Post

Hacking Code with Pure Math - Formal Verification

Hacking Code with Pure Math - Formal Verification

As penetration testers and software engineers, we spend a lot of time breaking things. We write unit tests, we run fuzzers, and we manually hammer APIs looking for edge cases.

But there is always that nagging doubt: Did I miss something?

If a function takes a 32-bit integer as input, there are over 4 billion possible inputs. You can’t test them all. You test the happy path, maybe 0, -1, and a massive number. If those pass, you ship it.

But what if the bug only triggers when the input is exactly 2,147,483,647? A unit test will miss it. A fuzzer might miss it for days.

This post is about a different approach. It’s about stopping the guessing game and treating code not as instructions to be executed, but as mathematical equations to be solved. This is the world of Formal Verification.

The Paradigm Shift: Code = Math

The fundamental idea of formal verification is simple but radical: Don’t run the code.

When you run code (dynamic analysis), you are observing one specific path through the maze. When you verify code formally (static analysis), you are looking at the blueprint of the entire maze at once.

We translate programming constructs into logical formulas:

  • x = y + 5; becomes the mathematical fact: x = y+5
  • if (x > 10) { ... } becomes a logical implication: x>10 ==> ...

Once your program is converted into a giant pile of math equations, we can use powerful engines to ask questions about it.

The Engine Room: SMT Solvers

You don’t solve these equations by hand.
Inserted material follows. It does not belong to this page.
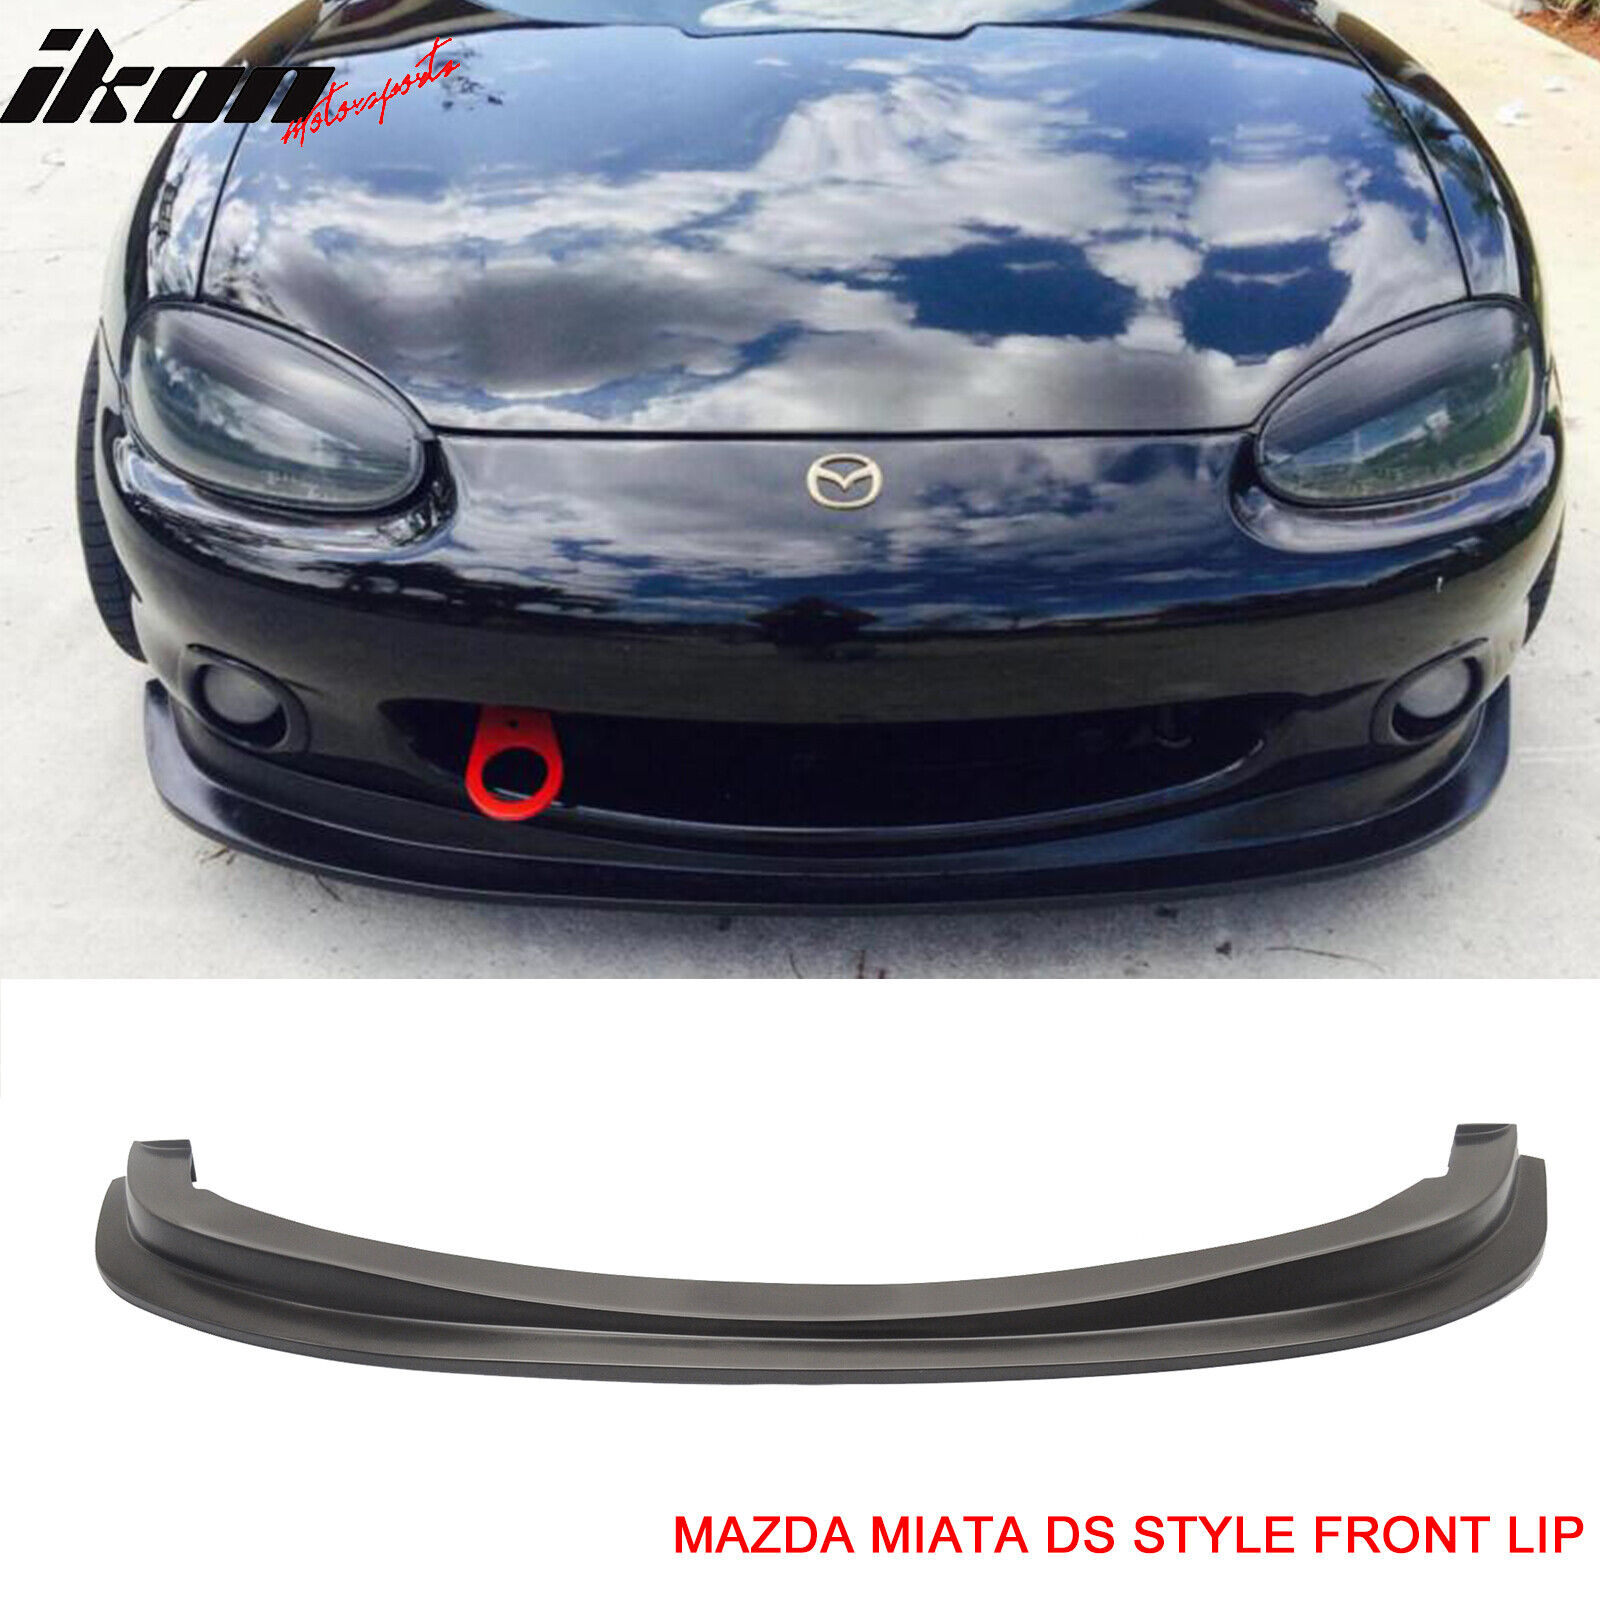 Fits 99-00 Mazda Miata MX-5 DS Style Front Bumper Lip PU Spoiler Splitter Kit

You use an SMT Solver (Satisfiability Modulo Theories). The most famous one is Microsoft Research’s Z3.

Think of Z3 as a “Reverse Calculator” or a “Logic Detective.”

  • Normal Calculator: Here are numbers 5 and 10. What is 5 + 10? -> 15.
  • SMT Solver: I need two numbers, x and y. The rules are: x + y = 15 AND x > y. Find them. -> Z3 will report: SAT (Satisfiable) and give you a model, e.g., x=8, y=7.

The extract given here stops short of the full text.